Alright, thanks a bunch for your help and enthusiasm for this question again. :) –  Sam Jun 30 '11 at 19:37

This is true. I needed to use some higher tech than I would have expected to prove it; I'd be curious to hear a simpler solution.

Lemma: Let $M$ be a smooth manifold, $X$ a smooth vector field on $M$, $\theta$ the flow along $X$ and $x$ a point of $M$. Then there is a positive number $\epsilon$, and open sets $U \supset V \ni x$, such that, for $t \in (0, \epsilon)$, the flow $\theta_t$ takes $V$ into $U$, and the only fixed points of $\theta_t$ are the zeroes of $X$.

Proof: Since the statement is local, we may immediately assume that $X = \mathbb{R}^n$. We will fix a Euclidean norm on $\mathbb{R}^n$, so we may talk about arc-lengths, surface areas and so forth.

Take $U$ to be an open ball around $x$ (of finite radius). Choose $\epsilon'$ small enough that flowing from $x$ for time $\epsilon'$ stays within $U$. Choose $V$ a small enough ball around $U$ that flowing by time $\epsilon'$ keeps $V$ within $U$.

Let $K$ be a bound for $|\nabla \times X|$. (If $n=2$ or $3$, you presumably know what this means. In general, I mean to use the inner product on $\mathbb{R}^n$ to turn $X$ into a $1$-form, take $d$ of that $1$-form and then use the induced norm on $\bigwedge^2 \mathbb{R}^n$. I can't tell from your writing whether you are happy with this sort of manipulation -- if not, just think about the curl you are used to.) Our $\epsilon$ will be $\min(\epsilon', 4 \pi K^{-1})$.

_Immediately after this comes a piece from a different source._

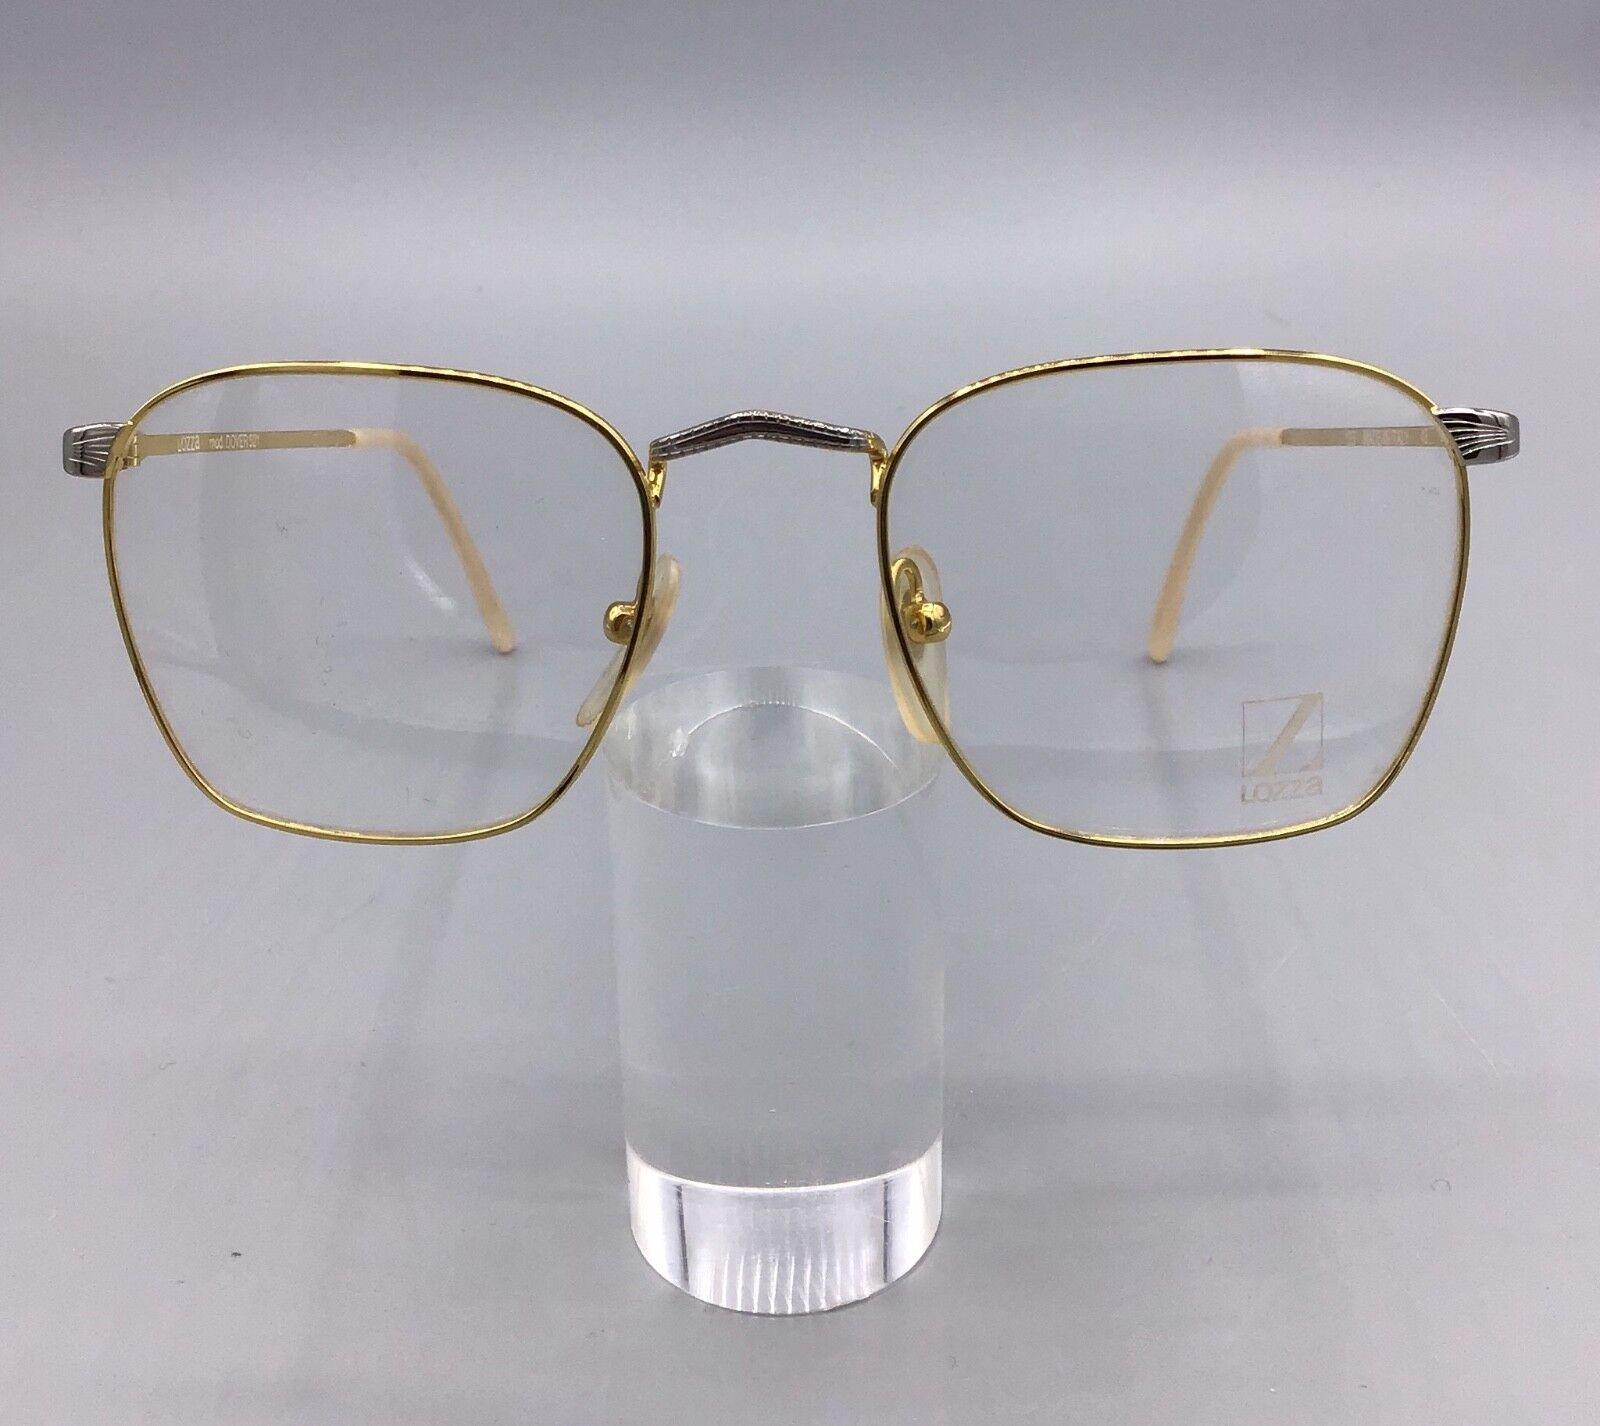 Lozza occhiale vintage eyewear brillen lunettes gafas glasses DOVER 521

Consider a nontrivial closed flow line, $\gamma$, in $U$. Let $T$ be the time taken to transverse $\gamma$; we will show $T>\epsilon$. Let $\sigma$ be the disc of minimal area with boundary $\gamma$. Let $L$ be the length of $\gamma$ and let $A$ be the area of $\sigma$.

By the Cauchy-Schwarz inequality, $$\int_{\gamma} |X|^{-1} ds \cdot \int_{\gamma} |X| ds \geq \left( \int_{\gamma} ds \right)^2 = L^2.$$ Here the integrals are with respect to arc-length.

Now, $\int_{\gamma} |X|^{-1} ds = T$. (The time to travel a path is the integral, over the length of the path, of the inverse speed. If you run one $7$-minute mile, and one $9$-minute mile, it's going to take you $16$ minutes to run two miles.)

Since $\gamma$ is a flow line for $X$, we see $\int_{\gamma} |X| ds = \int X \cdot ds$, the line integral of $X$ along $\gamma$. By Green's theorem, this is the same as $\int_{\sigma} \nabla \times X$, which is $\leq K A$.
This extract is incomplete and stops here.